9. А разве сама причина его походов не доказывает лучше всего, что этот муж был философом, ибо он думал не о собственном богатстве и не о роскоши, а о том, чтобы утвердить мир, единодушие и дружелюбие среди всех людей. Однако кроме этого рассмотрим-ка мы высказывания Александра, поскольку и у других царей и правителей нравы и душевные качества лучше всего обнаруживаются по их изречениям67. Антигон Старший некоему софисту, когда тот читал перед ним сочинение о справедливости, заметил: «Ты глуп, потому что, видя, как я разоряю мне не принадлежащие города, рассуждаешь со мною о справедливости»68. Тиран Дионисий советовал детей обманывать игрушками, а взрослых мужей – обещаниями69, а на надгробном памятнике у Сарданапала было написано:

Тем я владею, что съел, и тем, что вкусил70.

Кто станет отрицать, что в этих изречениях видна любовь к наслаждениям, нечестие, несправедливость и жадность? Если же ты из высказываний Александра выбросишь то, что касается диадемы, Аммона и его происхождения71, то остальные покажутся тебе изречениями Сократа, Платона или Пифагора. Мы не будем рассматривать то, что начертали ради восхваления поэты под его изображениями и статуями:

Кажется, что говорит эта статуя, глядя на Зевса:
Зевс, на Олимпе цари, землю же мне предоставь72,

ведь их волновало не благоразумие Александра, а его сила. То же самое можно сказать о словах Александра: «Ведь я сын Зевса». Все это, как я уже говорил, сочинили поэты, льстившие его удаче, мы же обратимся к подлинным изречениям Александра, начав с того, что было сказано еще в юности.
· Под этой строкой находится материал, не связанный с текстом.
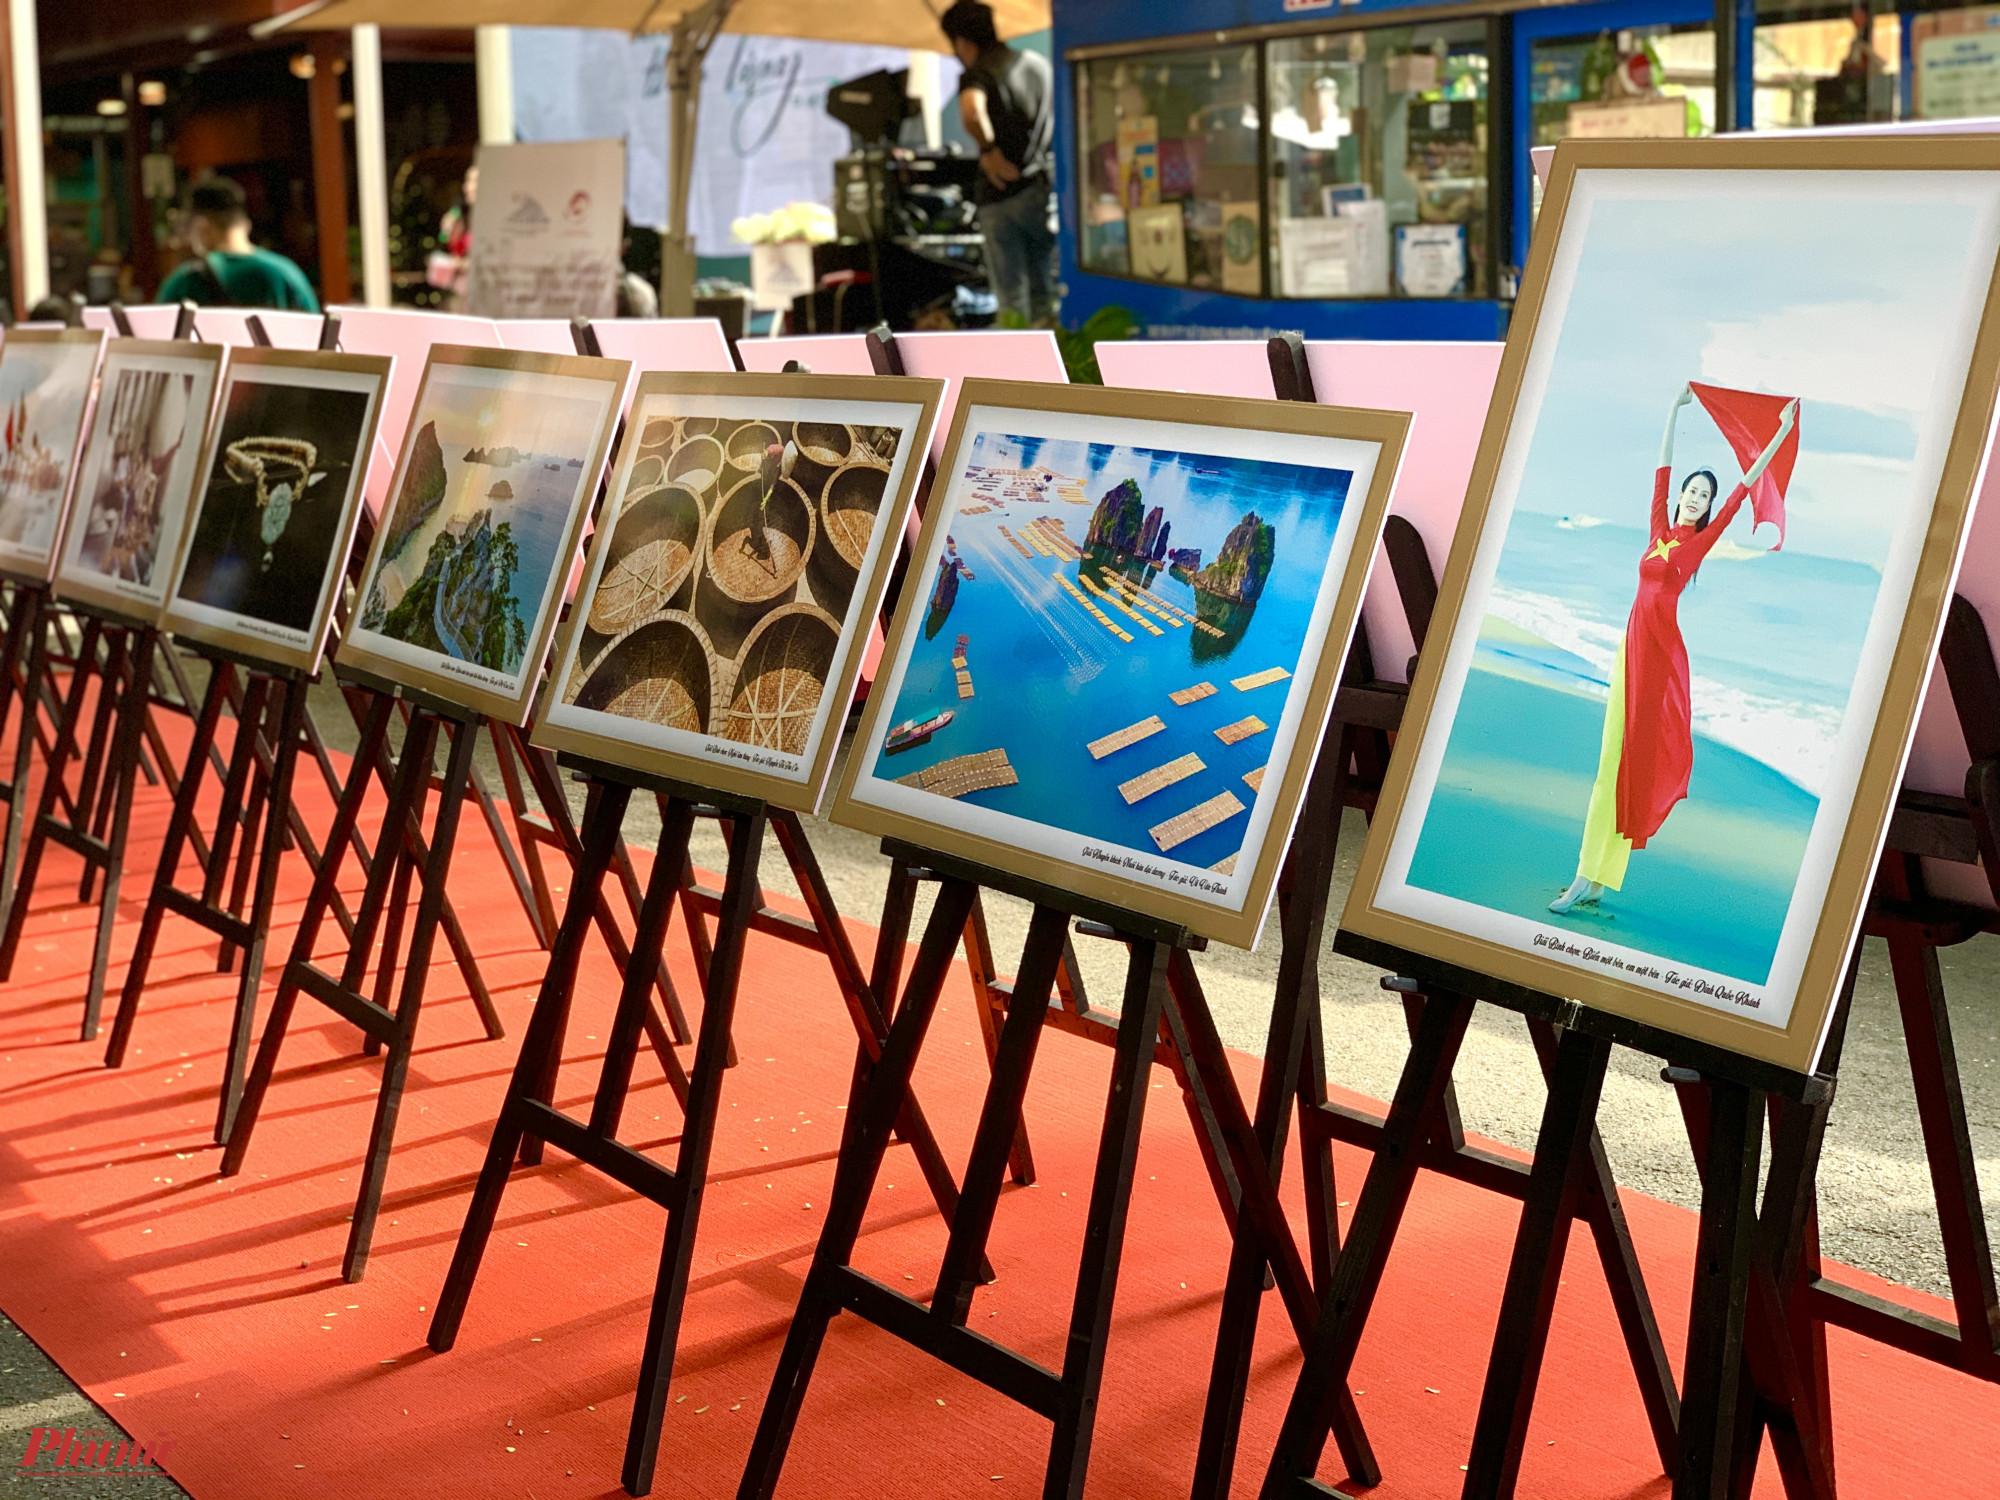 Trong khuôn khổ sự kiện, những tác phẩm từ Cuộc thi ảnh nghệ thuật chủ đề Đất nước nhìn từ biển cũng được trưng bày.

Когда друзья убеждали Александра выступить в Олимпии, так как он был самым быстроногим из своих сверстников, он спросил у них, будут ли его соперниками цари, и, получив отрицательный ответ, сказал, что такой спор будет несправедливым, поскольку в нем или царь победит простых людей или он сам будет побежден простыми людьми73. Когда его отец Филипп, раненый во время войны с трибаллами74 копьем в бедро и избежавший большой опасности, сокрушался по поводу своей хромоты, он ему сказал: «Не огорчайся, отец, и смело хори на виду у каждого, поскольку теперь каждый шаг напоминает о твоем мужестве»75. Разве не виден здесь образ мыслей философа, который благодаря вызванному подвигами воодушевлению на телесные недостатки не обращает внимания? А как он радовался своим собственным ранам, поскольку каждая напоминала ему победы над различными племенами, захваченные города и взятых в плен царей! Вот почему он не скрывал и не утаивал свои шрамы, а носил их как начертанные на собственном теле знаки доблести и мужества.

10. Если ему во время бесед или пирушек приходилось сопоставлять стихи Гомера между собою, в то время как другие отмечали какие-то другие стихи, сам он всегда как на особенно замечательный указывал на этот:

Добр и достоин, как царь, а также бесстрашен, как воин76.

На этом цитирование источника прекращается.